» **TASK INSTRUCTIONS**
The listing below is to be copied exactly, with pictures excluded.

» **AVAILABLE DATA**
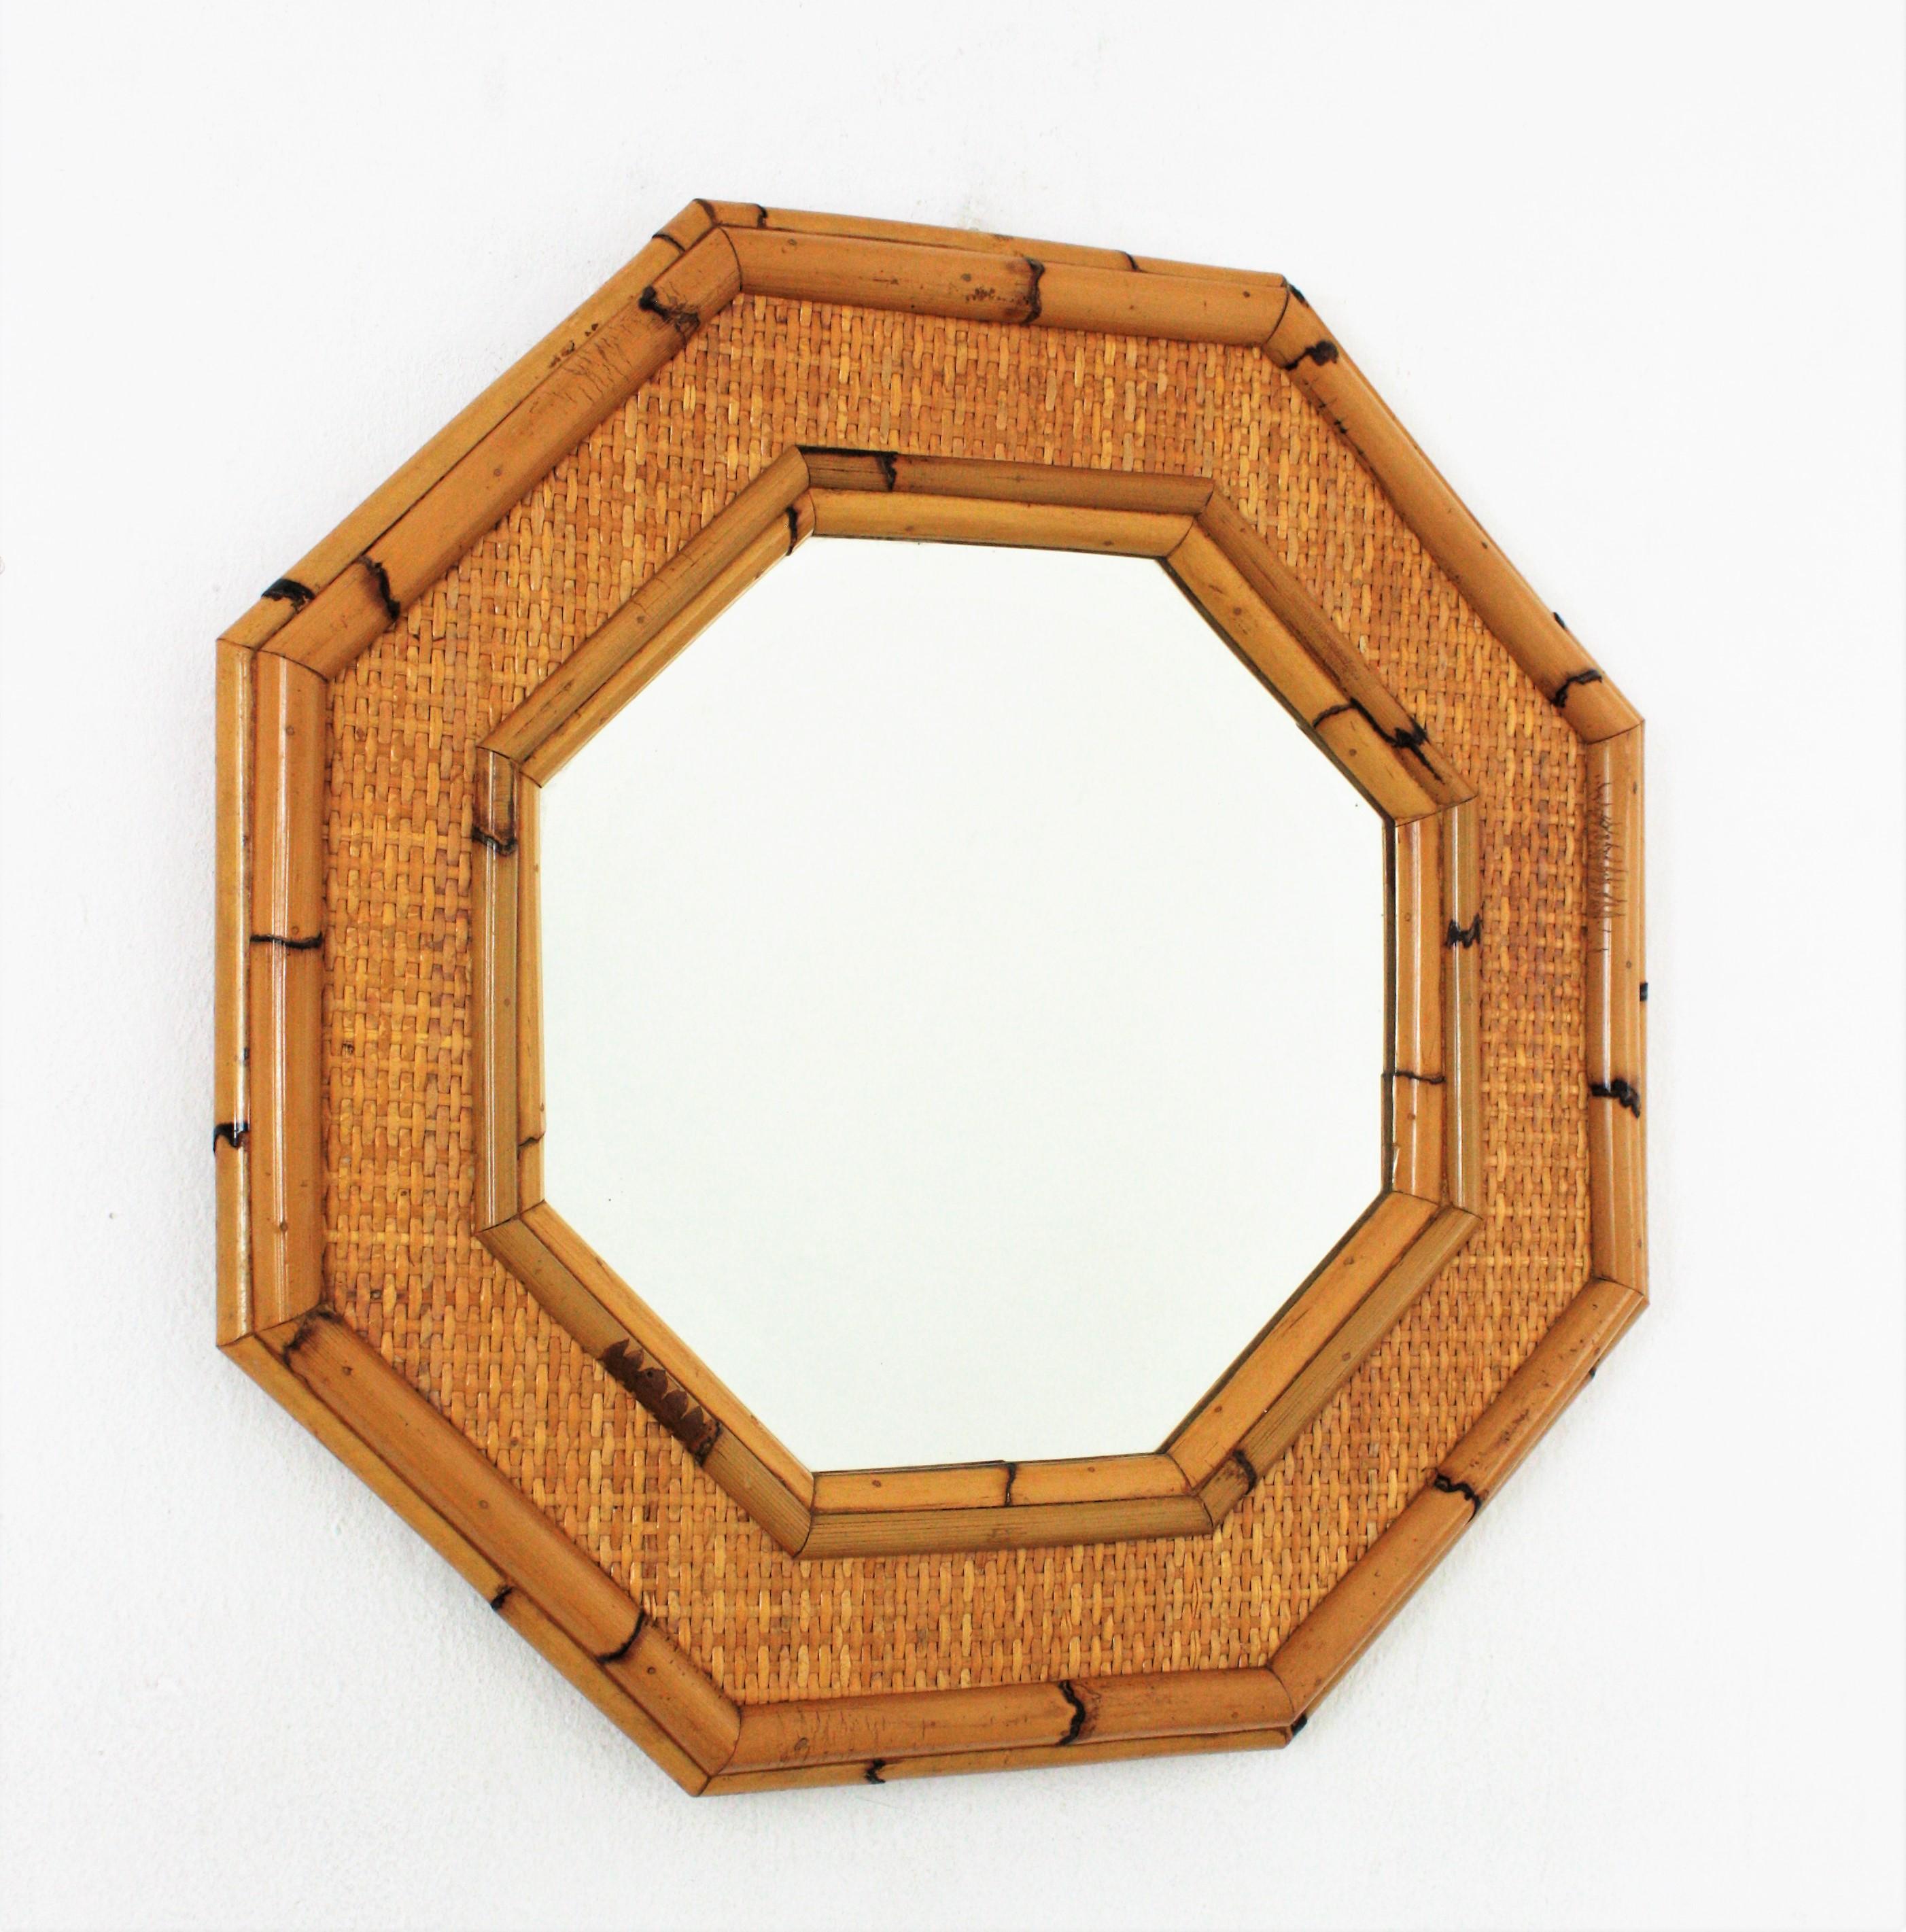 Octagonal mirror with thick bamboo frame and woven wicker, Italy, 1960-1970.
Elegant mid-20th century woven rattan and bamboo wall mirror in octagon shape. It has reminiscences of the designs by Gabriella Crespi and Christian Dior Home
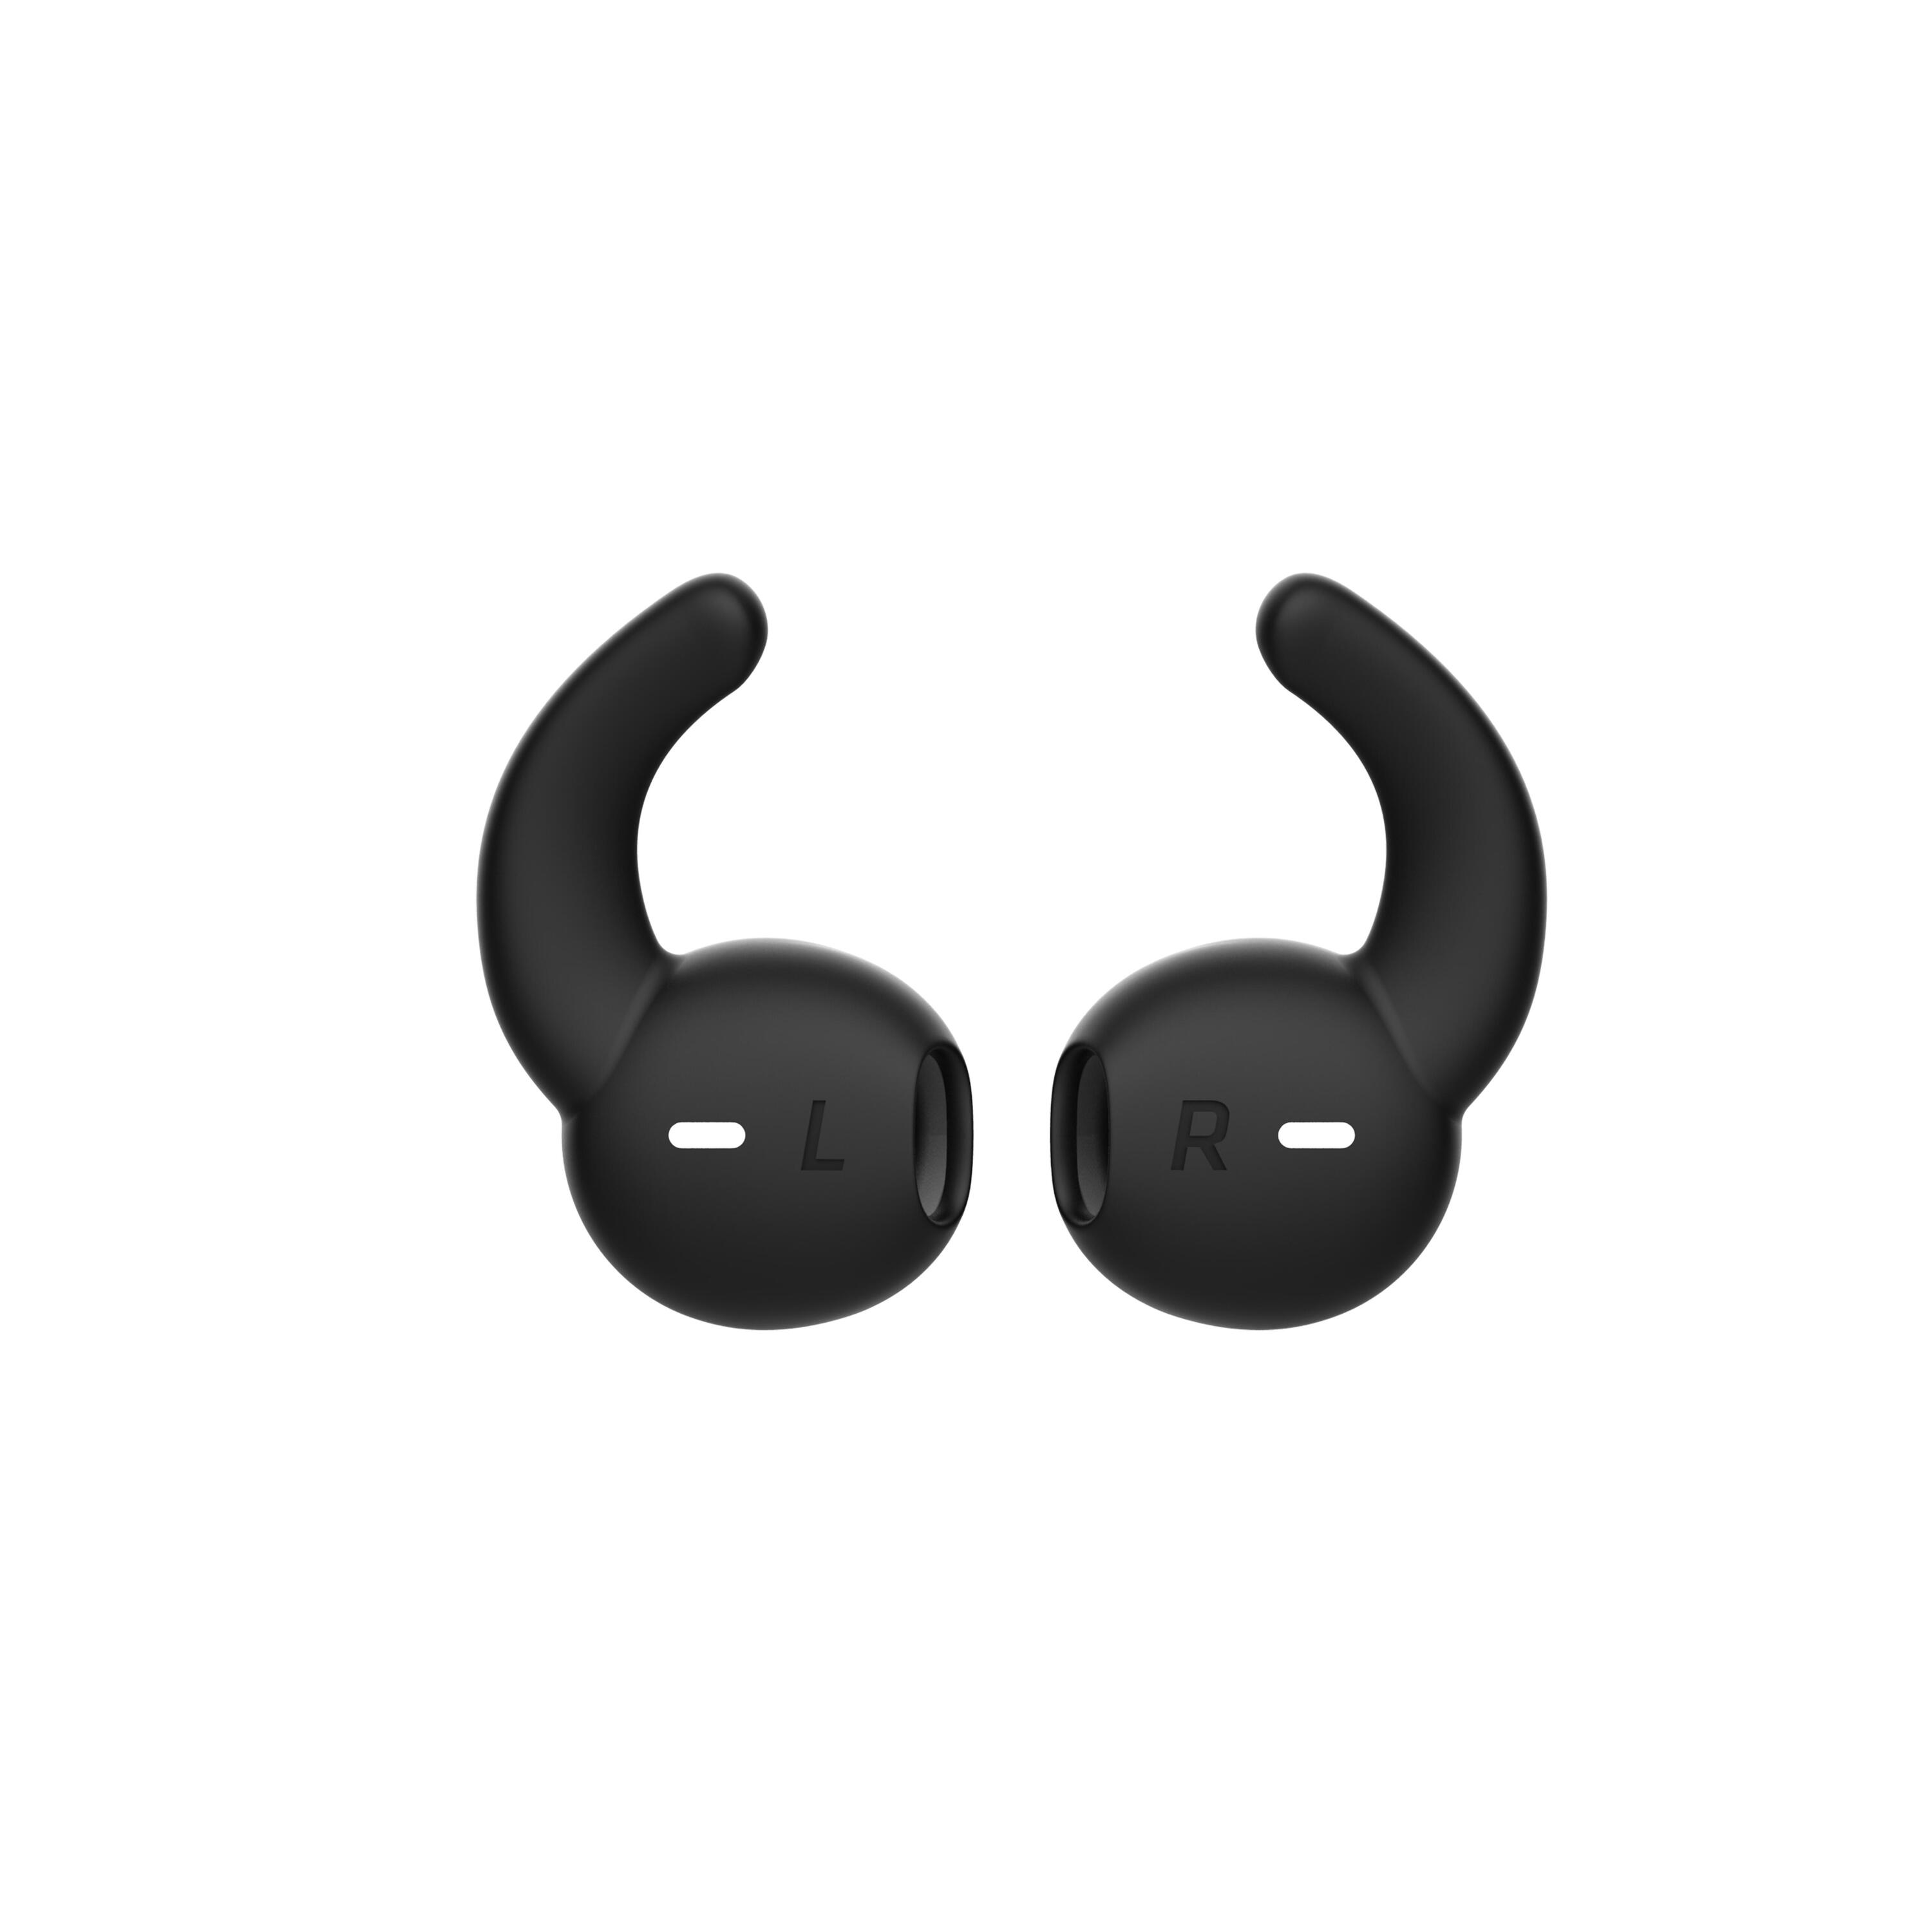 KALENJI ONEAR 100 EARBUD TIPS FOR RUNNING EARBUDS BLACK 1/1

» **SOLUTION TO THE PROBLEM**
 Octagonal mirror with thick bamboo frame and woven wicker, Italy, 1960-1970.
Elegant mid-20th century woven rattan and bamboo wall mirror in octagon shape. It has reminiscences of the designs by Gabriella Crespi and Christian Dior Home
 KALENJI ONEAR 100 EARBUD TIPS FOR RUNNING EARBUDS BLACK 1/1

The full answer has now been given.